Tarun Prasad Chatterjee was an Indian politician from Indian National Congress. Previously, he was a member of Bharatiya Janata Party and Janata Dal. Chatterjee was three-time Mayor of Raipur Municipal Corporation.

In 1990, he was elected as a member of the Madhya Pradesh Legislative Assembly from Raipur Rural constituency then from November 2000 member of Chhattisgarh Legislative Assembly. He defeated Deenanath Sharma of Indian National Congress by 15,751 votes in 1998 Madhya Pradesh Assembly election.

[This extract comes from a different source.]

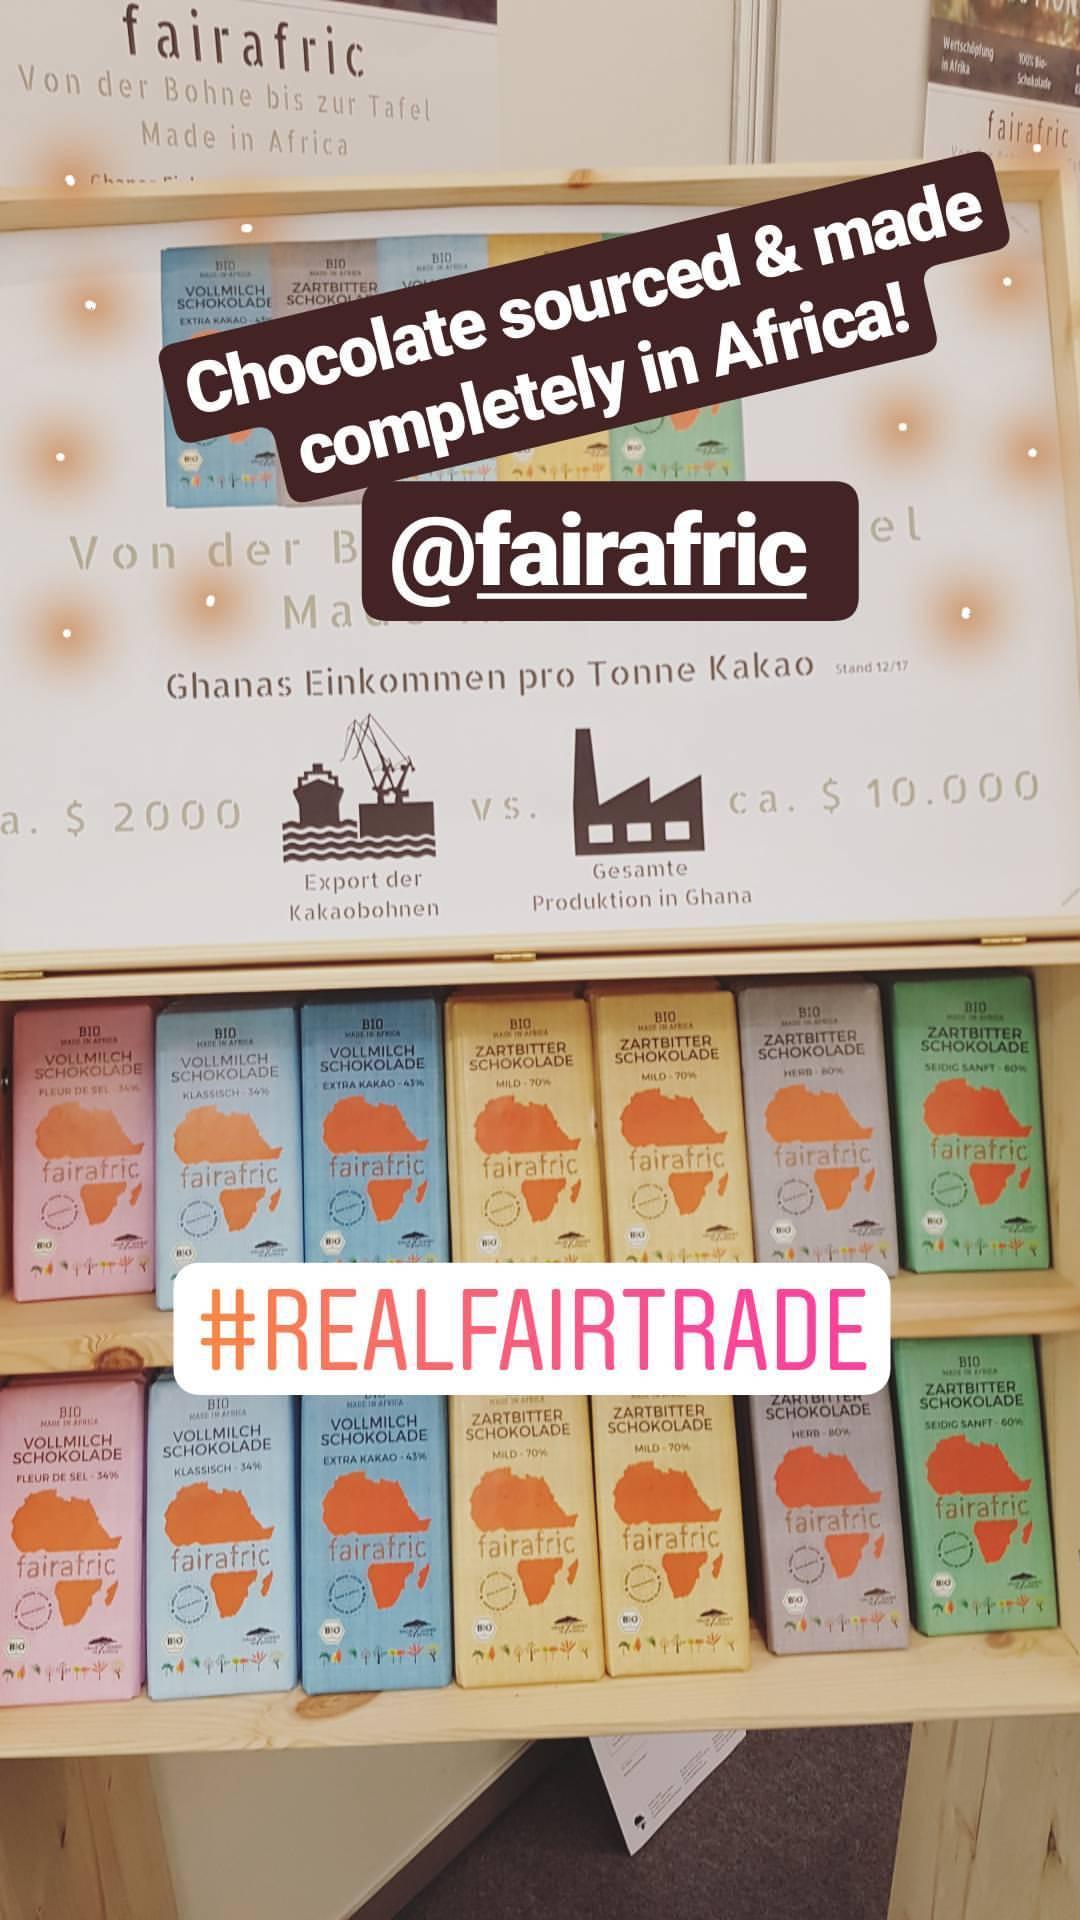 Fairafric Fair Trade Chocolate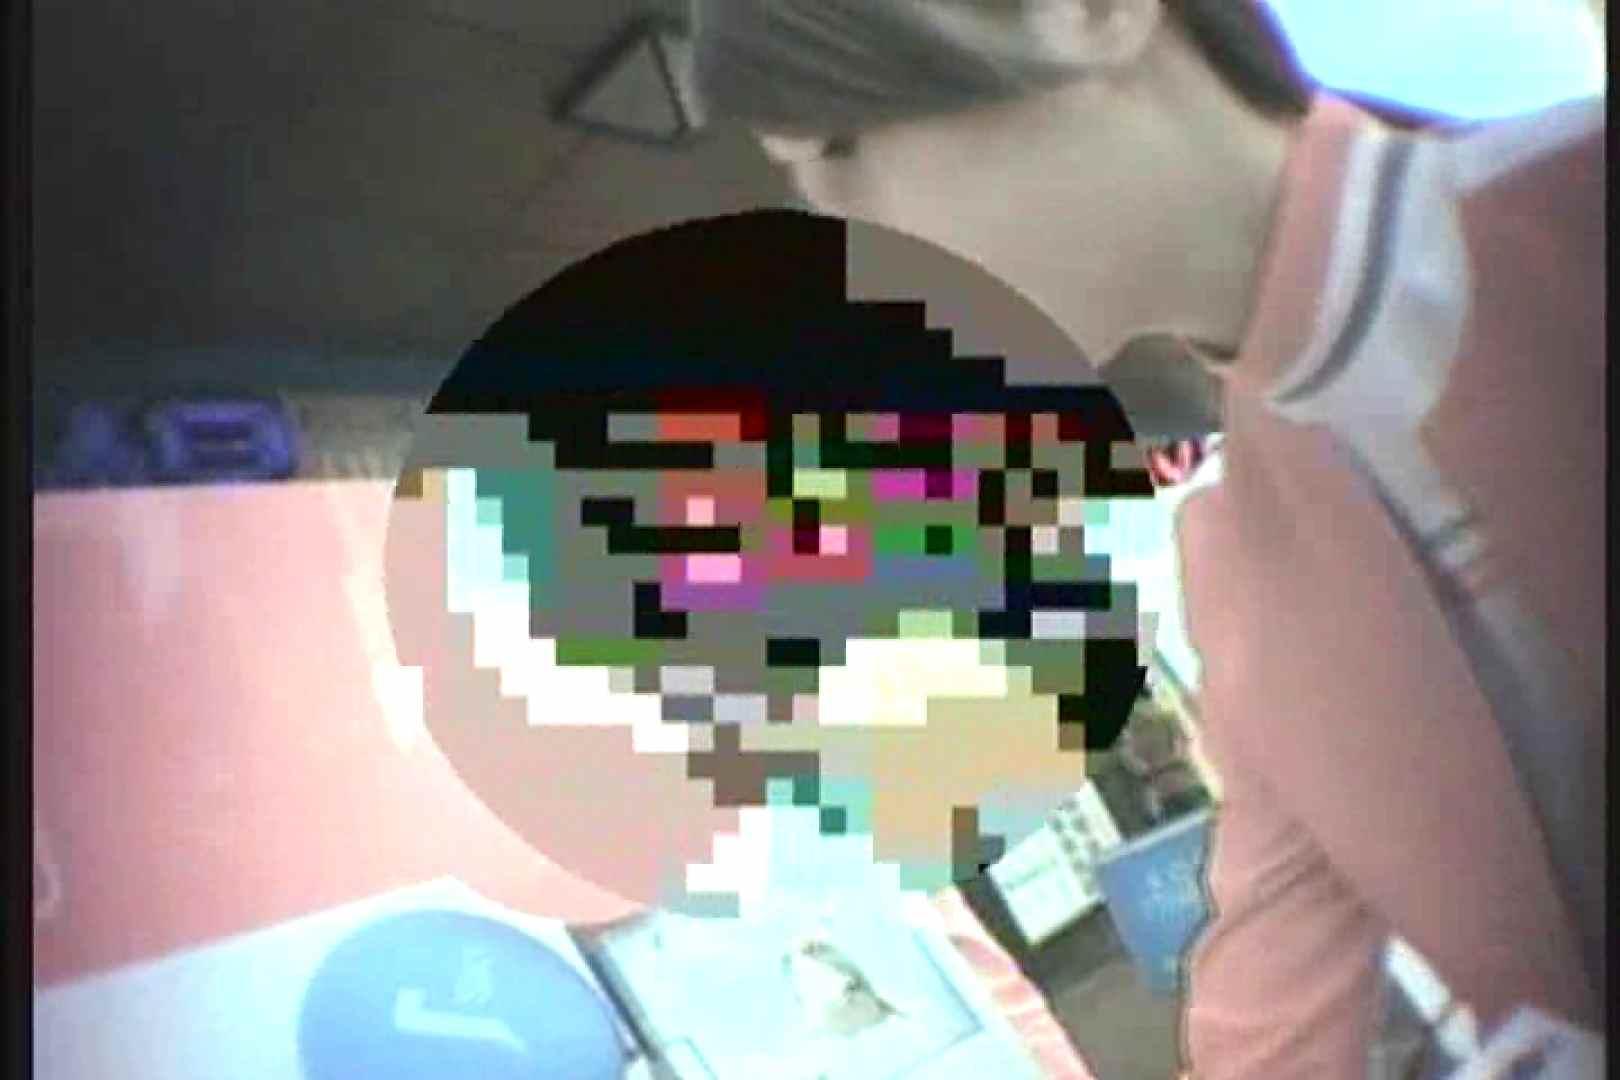 家電系ストッキングスケスケパンツVol.4 パンチラ セックス画像 94画像 4

In December 2001 he was 12 members of the state legislative assembly belonging to the Bharatiya Janata Party broke away and Chhattisgarh Vikas Party was led by Tarun Chatterji. Chhattisgarh Vikas Party was recognized by the Congress-affiliated Speaker of the assembly. The following day Chhattisgarh Vikas Party merged into the Indian National Congress.

He was appointed the Public Works Department (PWD) minister from 2002 to 2003 during the Ajit Jogi government.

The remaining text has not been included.